Sleep is not really the right word, because there was very little of it. Everytime I drifted off, a real aftershock or a dreamt one woke me. At 3 am, a huge aftershock made the building grind back and forth. It is a horrible sensation to hear the sound of concrete under stress all around you and to see solid walls jerking, knowing that you are 13 floors up in the air. I picked up an emergency bag containing my passport and asthma meds and made a beeline for the emergency stairs.
“No,” said Matt, “we stay.”
“Really?” I asked, pausing just long enough for the shaking to get stronger. At that point I lost my nerve and ran down the stairs to the lobby on my own. Part way down, on about the 6th floor, I stopped to see if the building was still shaking. It was, and I could see the walls of the stairwell moving and could hear cracking. So I kept running. But after spending half an hour in the lobby, I decided I had to return to the room. I found that one of the elevators was going again. My ankles on fire from snowboarding, walking 4 hours and running down flights of stairs, I decided to take the lift up.
“Is the building safe?” I asked the guy on reception as I got in the lift.
“Cannot guarantee!” he replied enthusiastically. “Good luck!” The elevator made it to the 13th floor uneventfully. I found Brad and Matt wide awake with the TV going, laughing at me for my cowardice in escaping the room.
A New Day
It is quite something to wake up on a Saturday morning with the sun shining, knowing that you have survived the night. We still had one more night to go before our scheduled flight to Sydney on Sunday, which looked like it would happen as the airports and trains were now reopening. Tokyo was very much business as usual that Saturday, it was pleasant on street level knowing we could run for an open space when the aftershocks happened, and we started to get used to the whole “unstable ground” thing.

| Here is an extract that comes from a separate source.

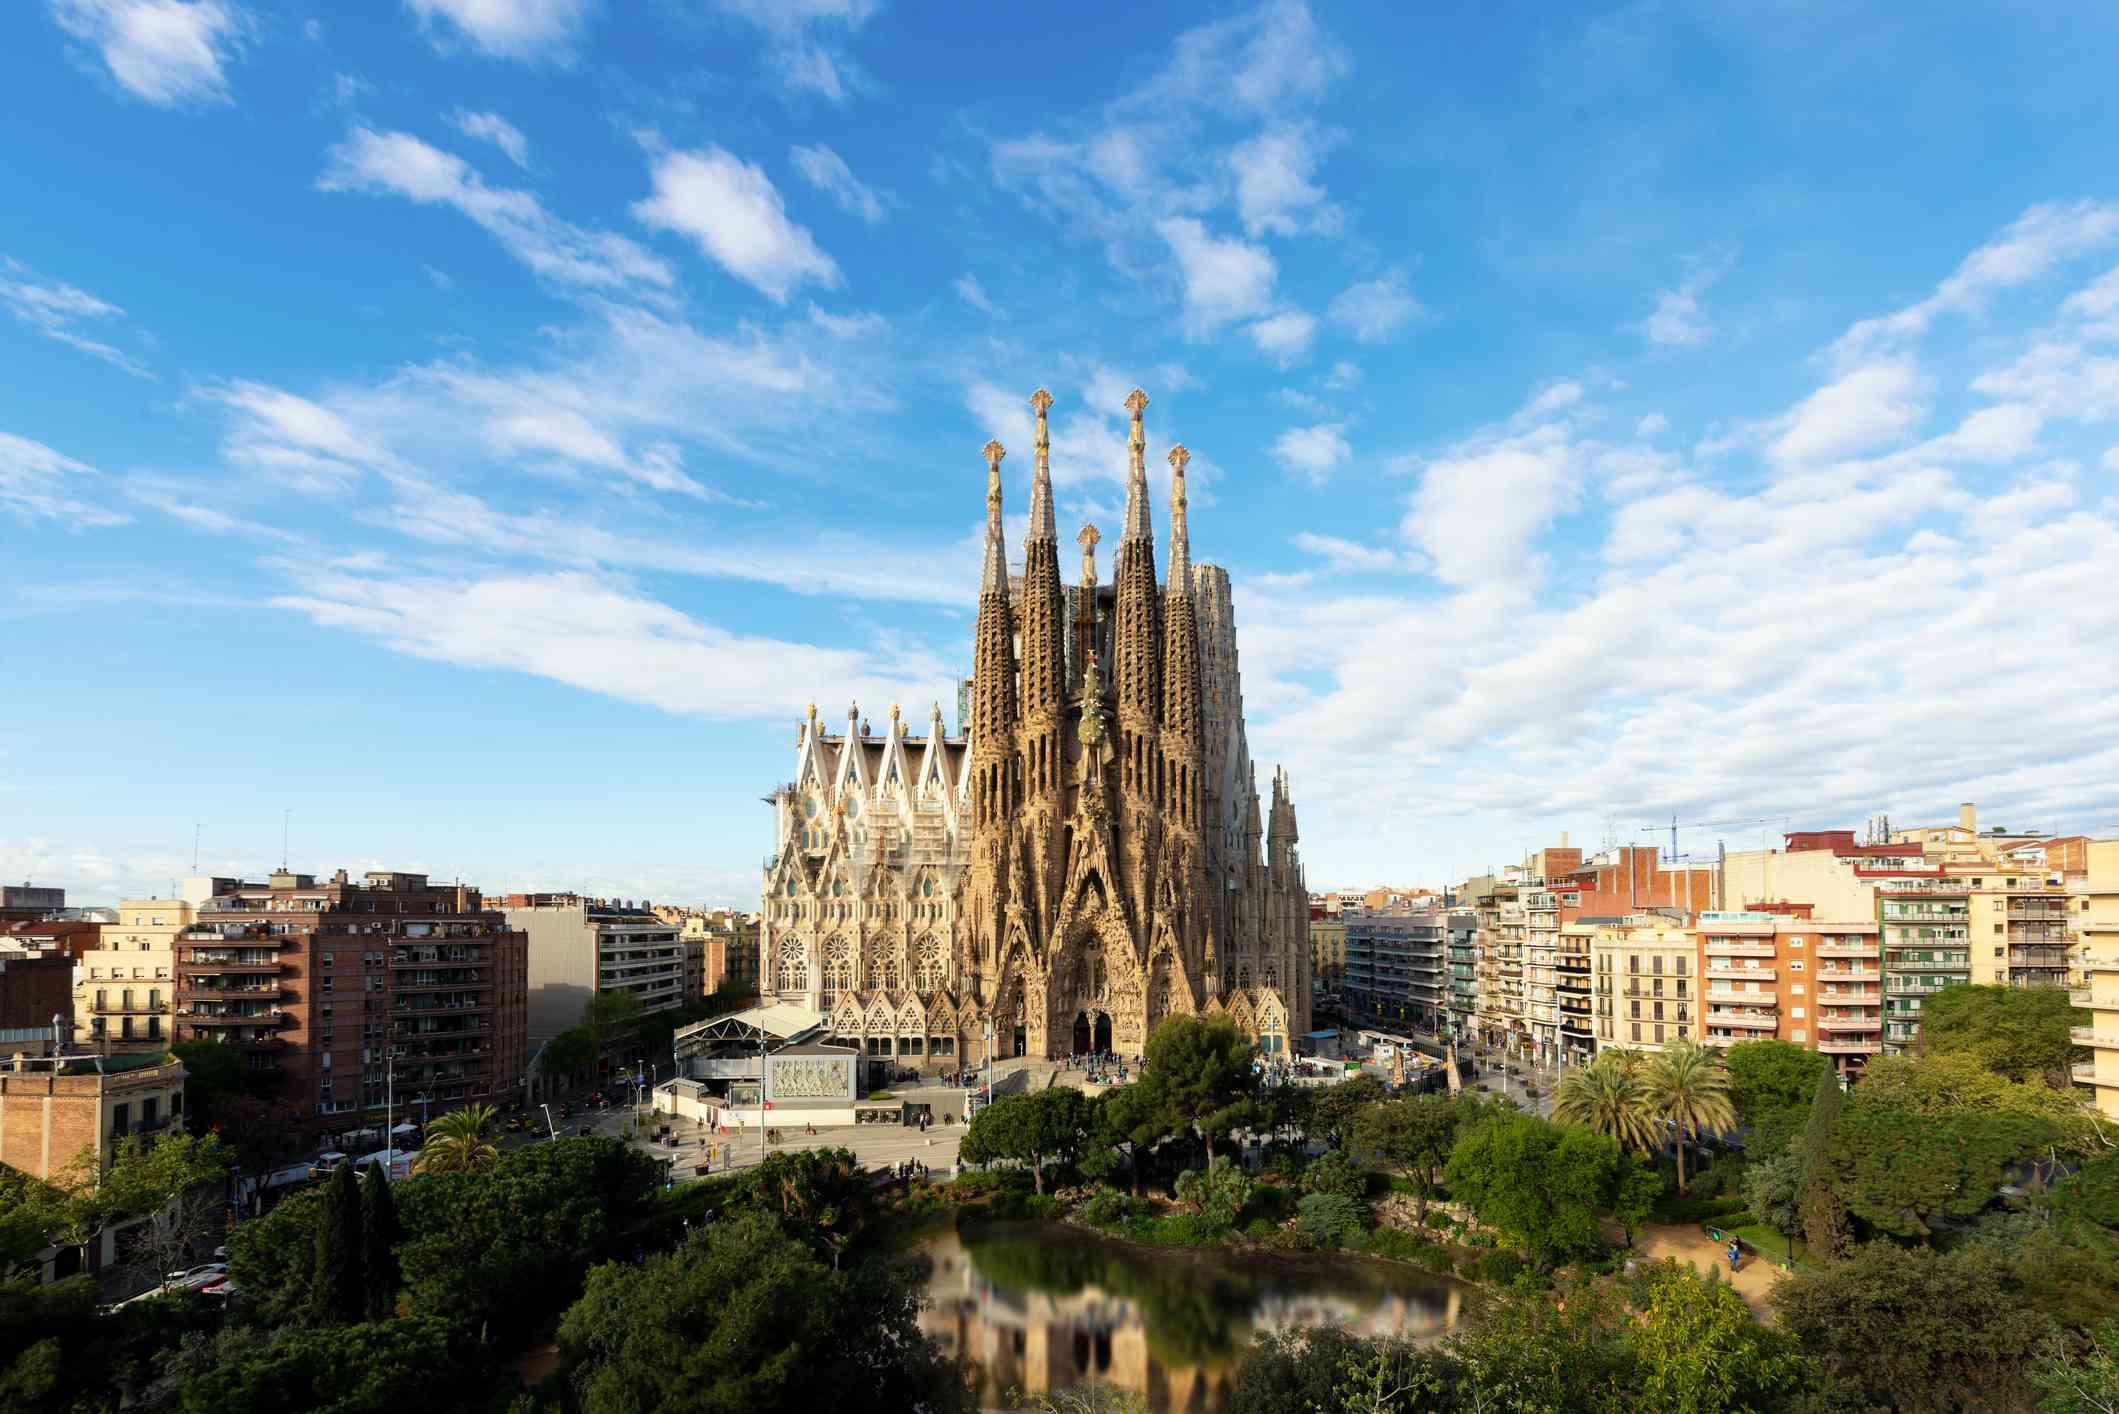 Aerial view of the Sagrada Familia

We even went out clubbing on Saturday night in Rappongi, the alcohol happily dulling our paranoia. There was no sweeter feeling than waking up with the sun shining on Sunday morning, jumping out of bed to an aftershock, hungover but happy that we had a day of sightseeing before flying home. The whole Fukushima nuclear power plant radiation issue was not exactly comforting, and despite the claims from the government that the plant was safe, a feeling that this was going to get worse before it got much better reaffirmed my enthusiasm for leaving that night. In the airport throngs of people crowded the ticket counters, desperate to leave the country. We strolled past with tickets pre-booked weeks earlier. We were lucky in many ways during this experience and could have had things much, much, worse.
I will always remember my Japanese earthquake experience and the lovely Japanese people who remained calm and at their posts to serve travellers throughout. I know that quite possibly many of these people had relatives who had been affected, or they worried about the days. I hope that they were able to pick up the pieces and recover. You can help by donating to the Japanese Red Cross Society 2011 earthquake relief fund.